In dissent, Derrington J was of the view no election could arise in the circumstances because Allianz did not have to choose between terminating the contract or allowing it to continue on foot. The ‘right’ under s 28(3) was not contractual. Justice Derrington was of the view that all that had happened was that the insurer had agreed to pay more in relation to the claim than it was obliged to do so.

Estoppel

On appeal, the insurer sought to argue the estoppel case should not be upheld because Delor Vue had failed to prove a counterfactual. However, the majority held there does not always need to be evidence of a counterfactual.

The majority found the conduct by Allianz meant that it had the carriage of repairs for the whole of that time and that Delor Vue, by reason of representation from the May 2017 email, had no reason to pursue Allianz. Consequently, Delor Vue could not be restored to a position where its dealing with Allianz occurred because of the representation.

In dissent, Derrington J was of the view that the estoppel case could not be made out because Delor Vue had not established the detriment it would face if Allianz resiled from its promise.

Waiver

The majority found that Allianz had waived its entitlement to relying on s 28(3) of the ICA. Drawing similarities to Craine v Colonial Mutual Fire Insurance Co Ltd (1920) 28 CLR 305, the majority concluded that Allianz had full knowledge of the circumstances and had made a deliberate act to confirm cover and treat the relationship as if there was no non-disclosure.

Again, in dissent, Derrington J was doubtful ‘waiver’ occurs simply because a party adopts inconsistent positions with respect to them in circumstances which do not amount to an election. Justice Derrington questioned whether there is indeed a separate principle of ‘waiver’ other than in the nature of forbearance, abandonment or renunciation. Justice Derrington also noted that Delor Vue had avoided any precision as to what was allegedly waived.

Duty of utmost good faith

The insurer argued it could not have breached its duty of utmost good faith given it was permitted by law to rely on s 28(3) of the IC Act. However, the majority affirmed the decision of the primary judge because the breach had to be assessed at the time it occurred, not with the benefit of hindsight. The majority was critical of Allianz’s conduct whereby it relied on the May 2017 email, which accepted indemnity, for more than 12 months. They reiterated that the duty ‘encompasses notions of fairness, reasonableness and community standards of decency and fair dealing’.
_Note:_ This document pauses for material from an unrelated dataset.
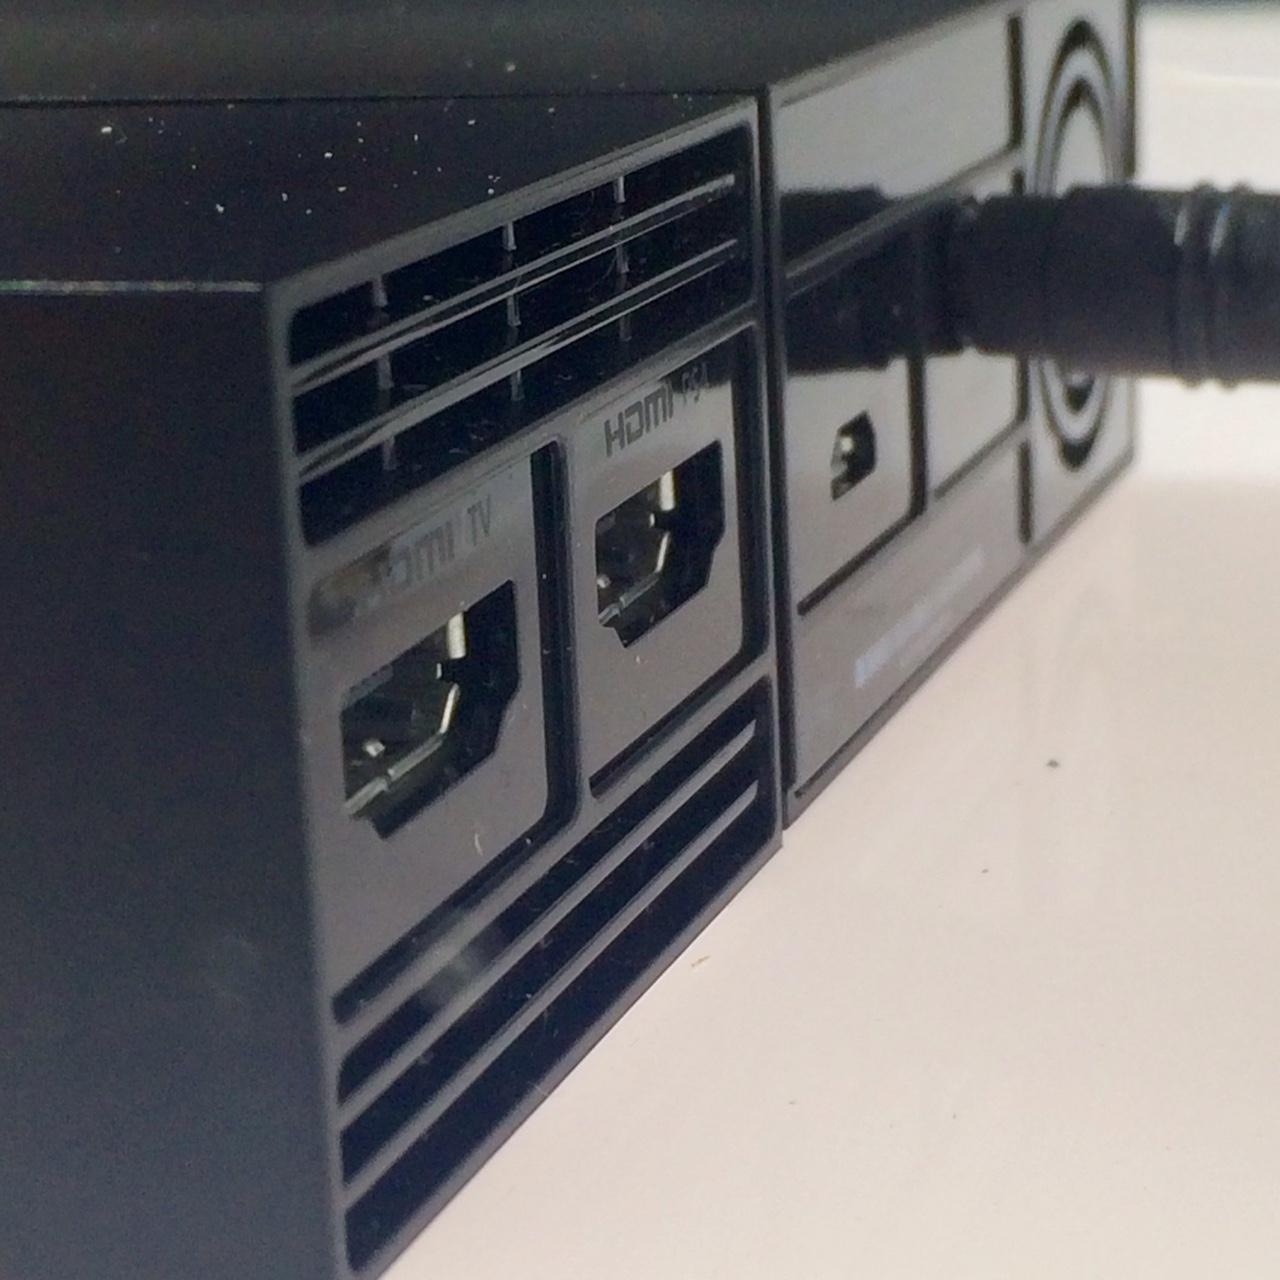 PlayStationVR Boitier 01
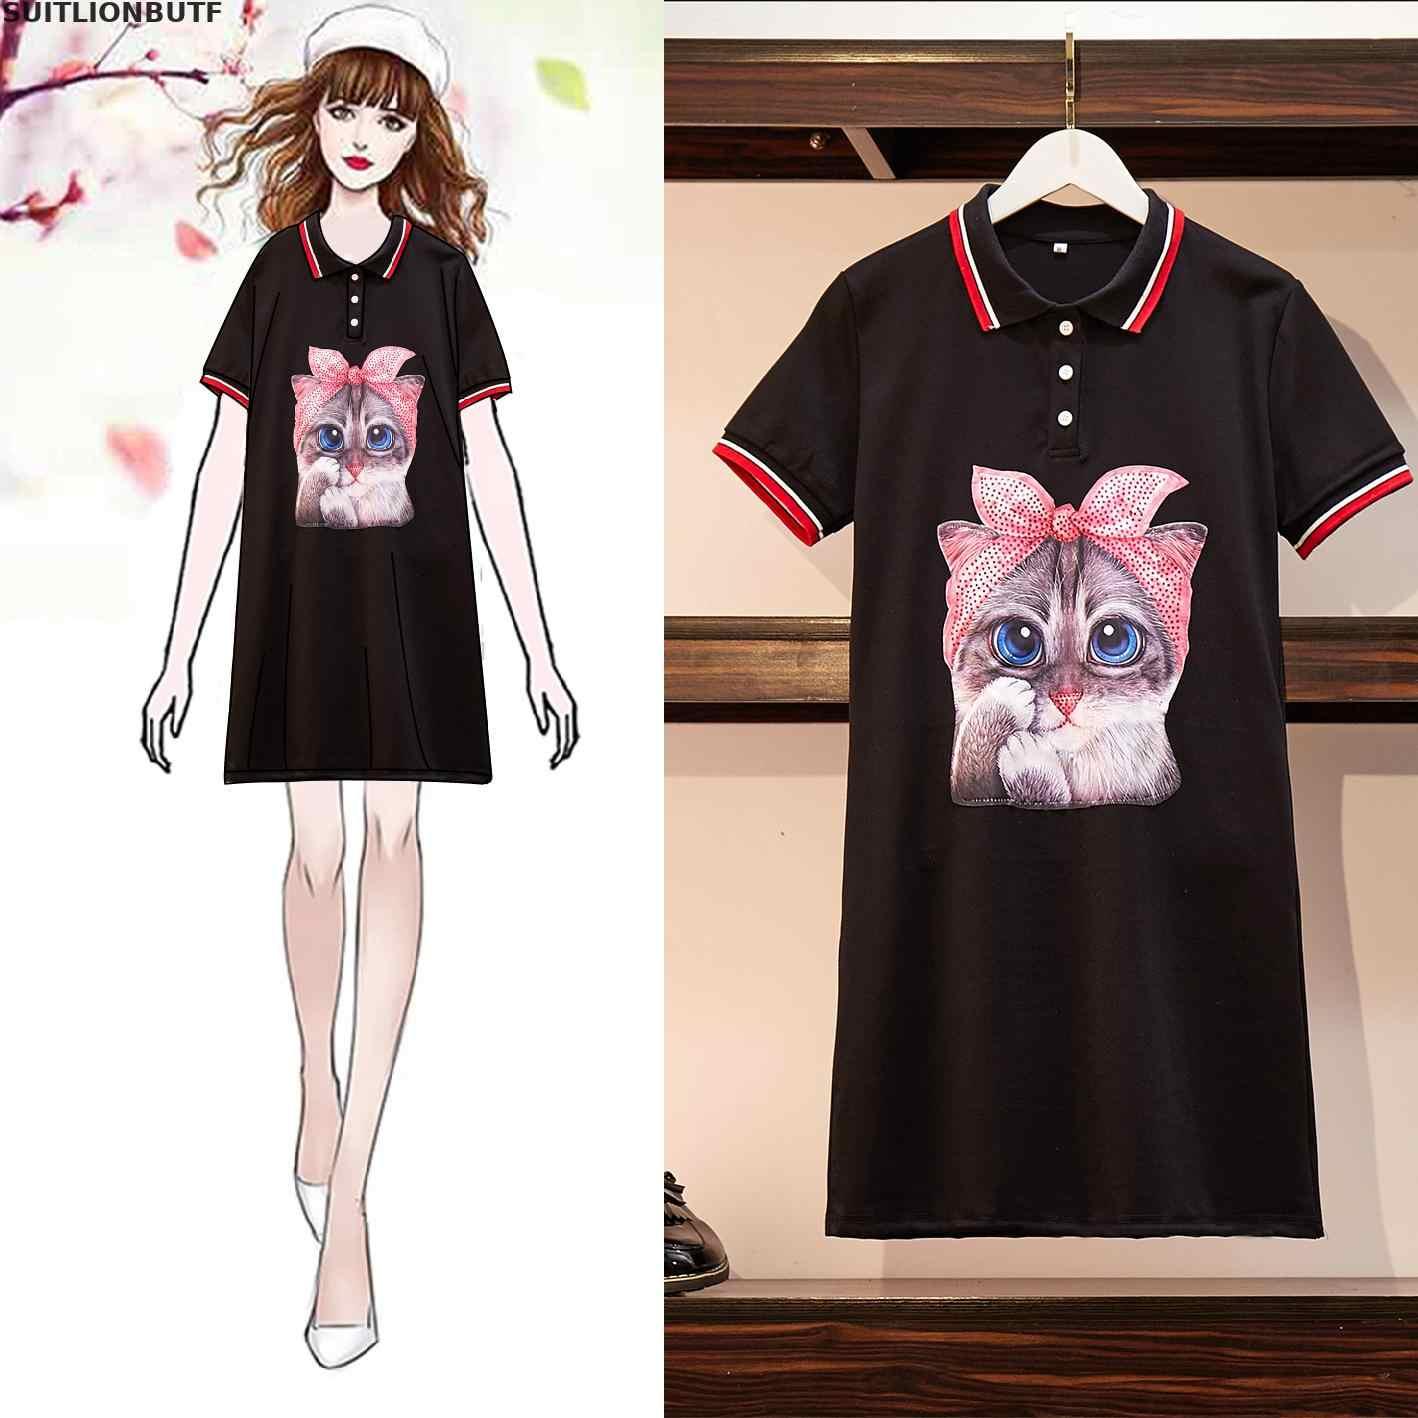 Suitlionbutf Women Summer Dress Cartoon Cat Hot Drilling Print Dresses Turn-down Collar Straight Dresses OL Women Dress

Justice Derrington also dissented on this ground in finding that Allianz did not breach its duty of utmost good faith. Allianz had partially honoured the claim in good business sense and at the time, was unaware of the magnitude of the remediation work which would actually be required.

Some concluding thoughts

As we wrote in our summary of the primary judgment, insurers should take note of the importance of clear communication, especially if there is the possibility of raising non-disclosure or exercising other rights under the policy. The dissenting comments of Derrington J also provide some interesting views on how these grounds could potentially play out in the future, especially if the court is offered such an opportunity in a different factual matrix.